Краснов, помолчав с минуту, осторожно кивнул.
– Теперь представь, что может произойти, если данные проекта попадут к нашему потенциальному противнику? Тоже понимаешь? Вот потому-то мы все и заинтересованы, чтобы ты как можно скорее вернулся назад, а мы смогли продолжить исследования. Уверяю тебя, именно так и будет – теперь, после открывшихся новых возможностей, проект никто сворачивать не собирается, скорее, наоборот. Только совсем на ином уровне секретности, разумеется. Мы уже запустили программу сворачивания «Танковой схватки», если ты пытался войти в игру, то знаешь, что я прав (Василий снова кивнул). Все данные уже засекречены, но никто не может дать гарантии, что утечки информации не произошло еще допринятия этих мер. Слишком много людей оказалось посвящено в истинную суть эксперимента. Разумеется, с ними сейчас работают наши сотрудники, но нынешние сетевые технологии не слишком способствуют сокрытию информации. Это тоже понятно?

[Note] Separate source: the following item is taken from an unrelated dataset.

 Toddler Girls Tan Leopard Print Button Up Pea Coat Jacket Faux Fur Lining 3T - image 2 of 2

– Да уж конечно… – буркнул Василий. – Я когда об этих ваших мобильных телефонах узнал, сразу подумал, что опасно. Виданное ли дело, с любой точкой мира связываться…

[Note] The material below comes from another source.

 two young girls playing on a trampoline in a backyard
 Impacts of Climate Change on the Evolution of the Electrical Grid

– Ну, насчет мобильных не все так просто, – хмыкнул полковник, явно размышляя о чем-то своем. – Есть способы контролировать, но в целом ты меня понял. Постарайся особенно на улице не светиться, побольше дома сиди. Во дворе будет постоянный пост, два человека в автомобиле, наружное наблюдение и прикрытие. Если что, сопроводят, куда нужно. Но ты уж всяко постарайся ни в какие истории больше не вляпываться, очень прошу. Ребята в «наружке» надежные, но всякое случается. Впрочем, надеюсь, долго твое сидение не затянется. Ну, так что, по рукам? Мы договорились и друг друга поняли?
– Договорились, – кивнул Краснов. – Как будто у меня был выбор….

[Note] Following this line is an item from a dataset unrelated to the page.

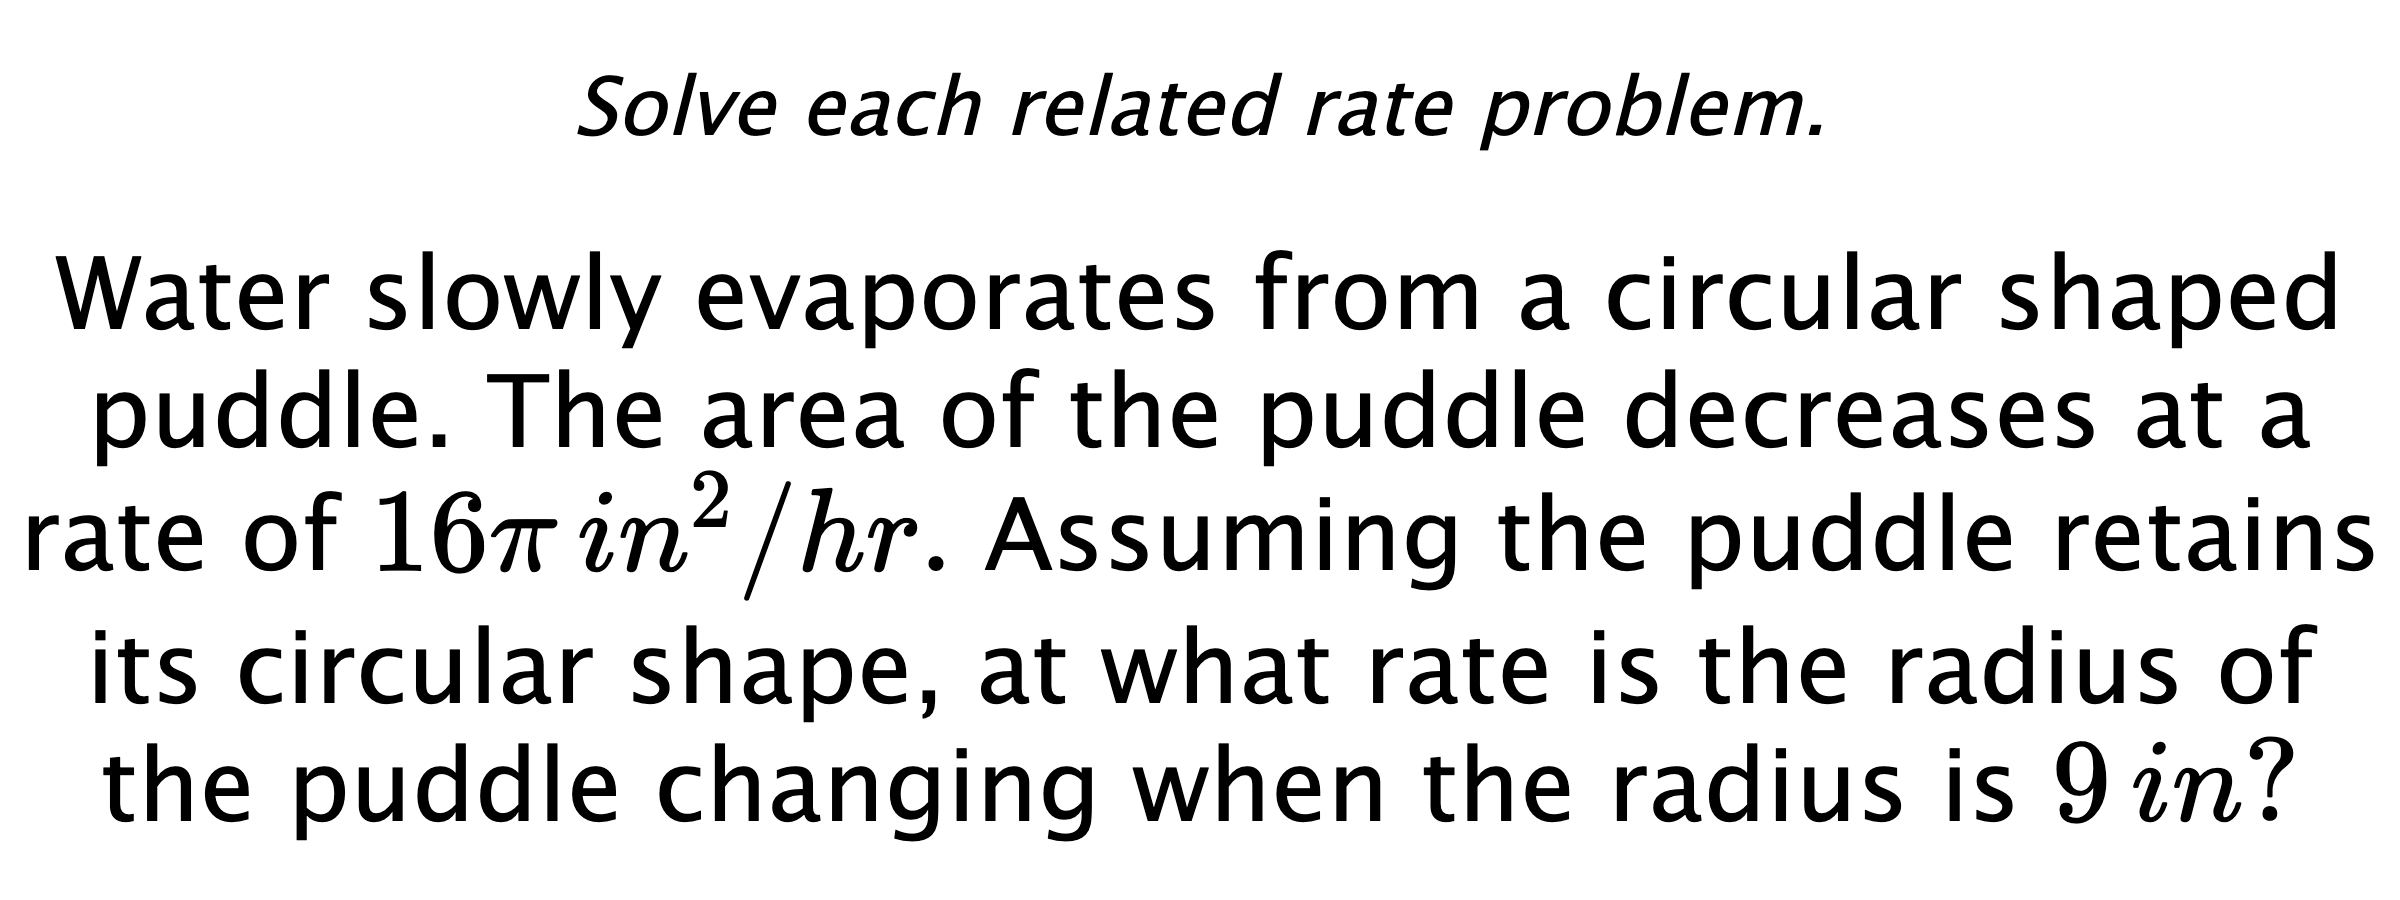 Solve each related rate problem. Water slowly evaporates from a circular shaped puddle. The area of the puddle decreases at a rate of $16\pi\,in^{2}/hr.$  Assuming the puddle retains its circular shape, at what rate is the radius of the puddle changing when the radius is $9\,in?$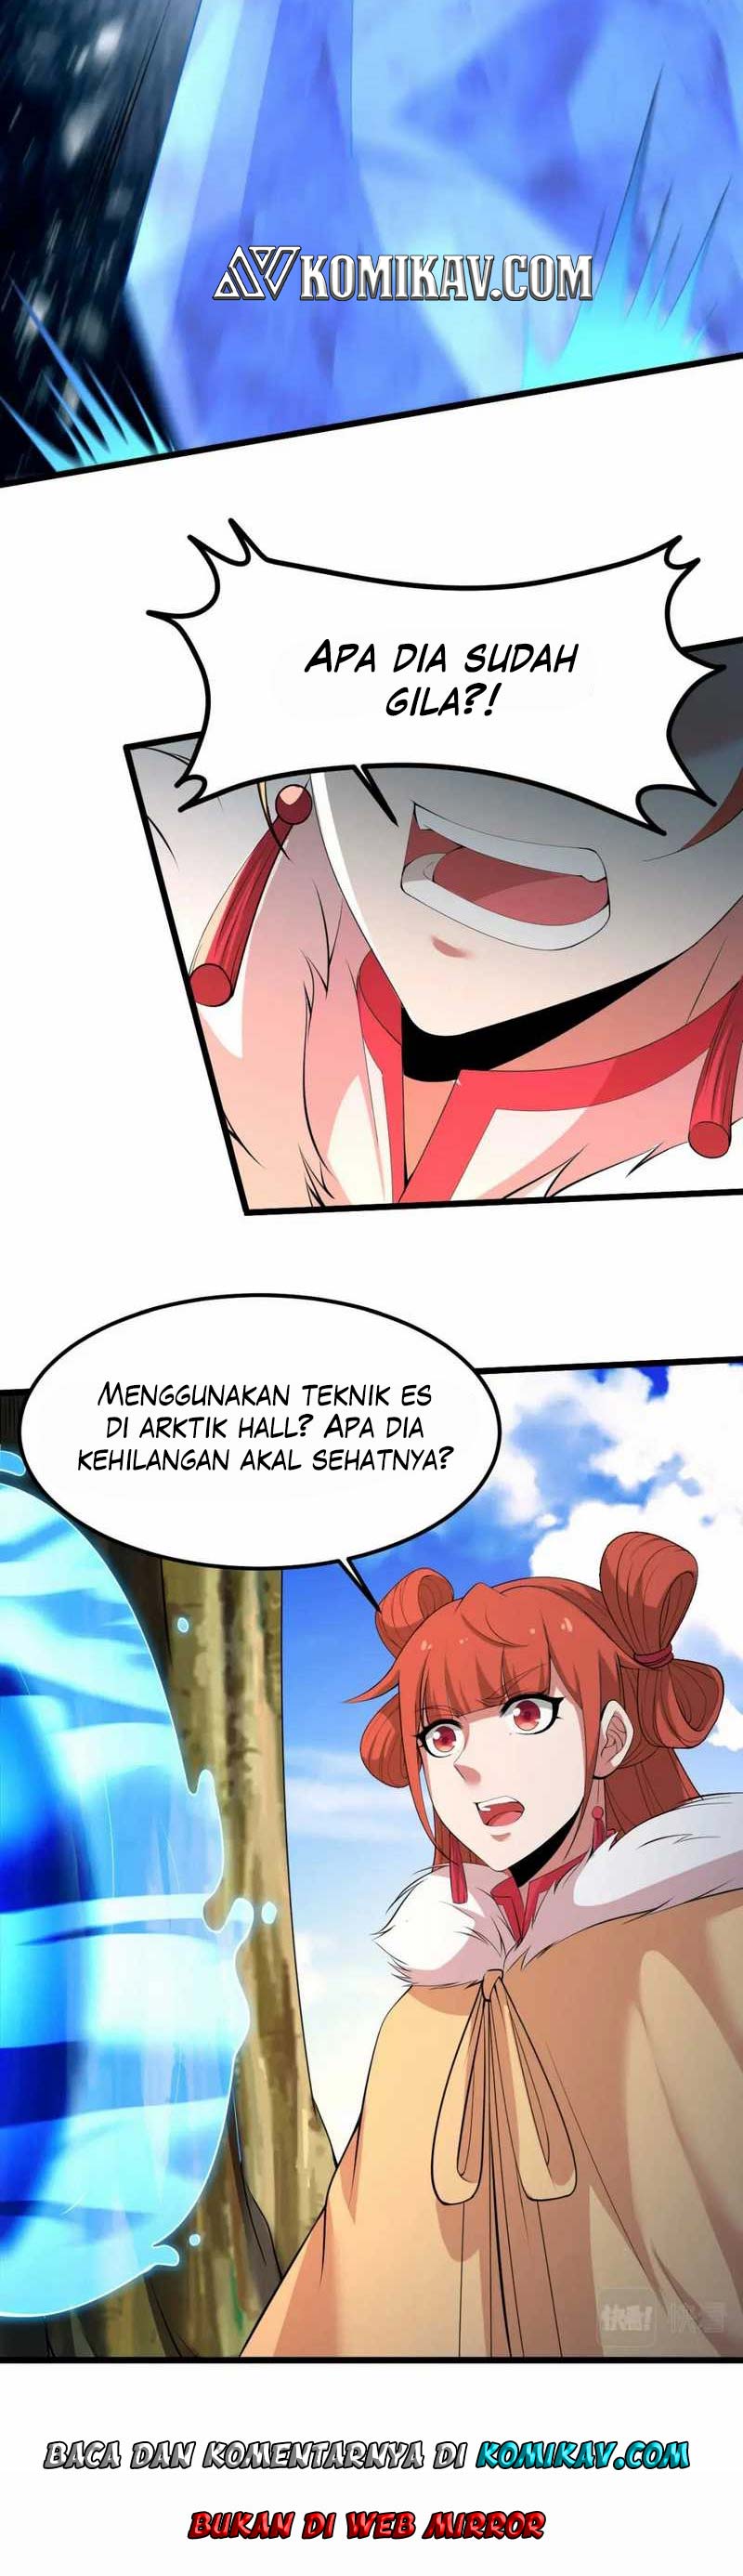 Dilarang COPAS - situs resmi www.mangacanblog.com - Komik i just want to be beaten to death by everyone 147 - chapter 147 148 Indonesia i just want to be beaten to death by everyone 147 - chapter 147 Terbaru 28|Baca Manga Komik Indonesia|Mangacan

– Отсутствие выбора – тоже выбор, – непонятно ответил полковник. – Тогда до встречи, товарищ лейтенант! Соседке твоей обо мне знать не обязательно, у нее и своих проблем хватает.
– Каких проблем? – на всякий случай насторожился Василий.
– Что? А, так ты подумал… Не волнуйся, лейтенант, это я образно сказал. У меня самого дочка такого возраста, тоже студентка. Потому и знаю, что у нее вечно какие-то проблемы. Так что не переживай.
Геманов встал, и на самом деле собираясь уходить, чем удивил торопливо поднявшегося следом Краснова.
– Товарищ полковник, а как же? – сжав горстью пальцы, будто удерживая невидимый карандаш, Василий сделал жест, словно что-то писал. Или, скорее, подписывал.
Олег Алексеевич нахмурился, затем широко улыбнувшись:
– Это ты о подписке о неразглашении, письменном согласии на сотрудничество и прочей бюрократии, что ли?
Краснов неопределенно пожал плечами, искренне не понимая, что в этом может быть смешного. Сам же недавно говорил, что об их разговоре никто не должен знать, даже Сонька.
– Ну, во-первых, ты боевой офицер и, полагаю, без всяких бумажек прекрасно умеешь держать слово. А во-вторых, с кого мне, собственно, подписку брать? С танкиста-фронтовика Василия Краснова? Или с бывшего десантника Дмитрия Захарова, который о нашем разговоре и вообще всем происходящем ни слухом ни духом? Понял теперь?
– Теперь понял… – пробормотал себе под нос Василий. – Глупость сказал, простите.
– Не страшно. Проводишь?
Подавив желание сообщить, что вошел гость сюда, особенно разрешения не спрашивая, значит, и выйти сможет самостоятельно, мамлей послушно проводил полковника до двери. Геманов правильно сказал, он – боевой офицер, и подобные замечания, еще и в отношении старшего по званию, совершенно ни к чему. Тем более в подобной ситуации.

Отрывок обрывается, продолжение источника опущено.